4.24 ENVIRONMENTAL MATTERS . Seller, with respect to the Business
and the Real Property, is in material compliance with all applicable all
applicable laws, rules, directives, permits, licenses and judgments relating to
pollution, contamination or protection of the environment ("Environmental
Laws"). Seller has not received notice alleging in any manner that Seller is, or
might be potentially responsible for, any release of hazardous materials, or any
costs arising under or violation of Environmental Laws with respect to the
Business or the Assets. No expenditure will be required in order for Buyer to
comply with any Environmental Laws in effect at the time of the Closing in
connection with the operation or continued operation of the Business or the Real
Property in a manner consistent with the current operation thereof by Seller.
Seller, on behalf of itself and its successors and assigns, hereby waives,
releases and agrees not to bring any claim, demand, cause of action or
proceeding, including without limitation any cost recovery action, against Buyer
under any Environmental Law in connection with the Buyer's purchase, ownership
or operation of the Business and the Assets.

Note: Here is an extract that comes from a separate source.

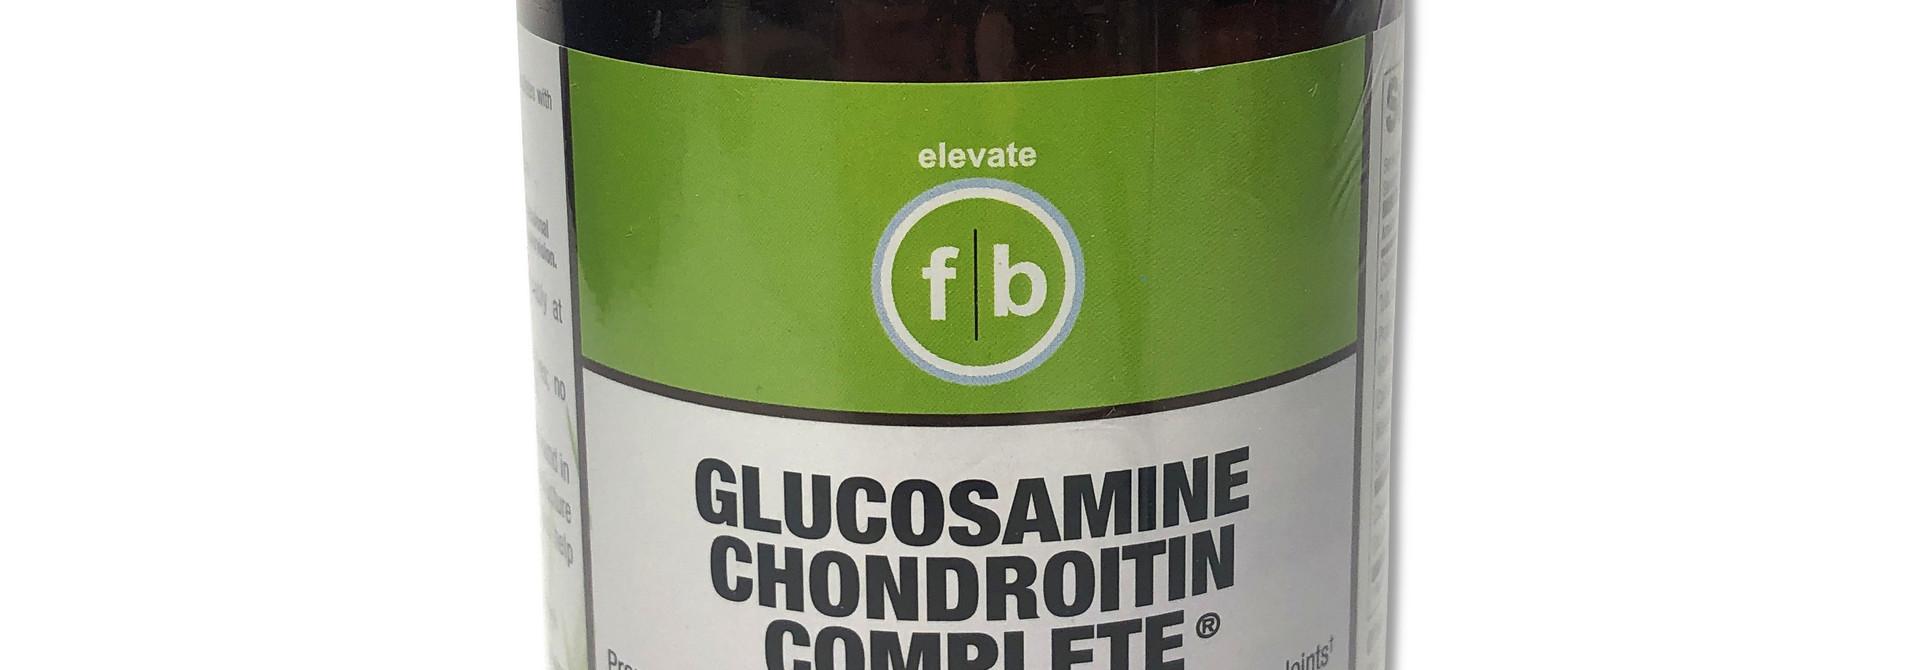 Glucosamine Chondroitin Complete

4.25 BROKERAGE . No third party shall be entitled to receive any
brokerage commissions, finder's fees, fees for financial advisory services or
similar compensation in connection with the transactions contemplated by this
Agreement based on any arrangement or agreement made by or on behalf of Seller.
4.26 DISCLOSURE . Neither this Agreement nor any of the Exhibits
hereto nor any of the documents delivered by or on behalf of Seller pursuant to
Article VIII hereof nor the Disclosure Schedule nor any of the financial
statements referred to in Section 4.06 hereof, taken as a whole, contain any
untrue statement of a material fact regarding Seller or the Business or any of
the other matters dealt with in this Article IV relating to Seller or the
transactions contemplated by this Agreement. This Agreement, the Exhibits
hereto, the documents delivered to Buyer by or on behalf of Seller pursuant to
Article VIII hereof, the Disclosure Schedule and the financial statements
referred to in Section 4.06 hereof, taken as a whole, do not omit any material
fact necessary to make the statements contained herein or therein, in light of
the circumstances in which they were made, not misleading, and there is no fact
which has not been disclosed to Buyer of which any officer or director of Seller
is aware which materially affects adversely or could reasonably be anticipated
to materially affect adversely the Assets or the Business.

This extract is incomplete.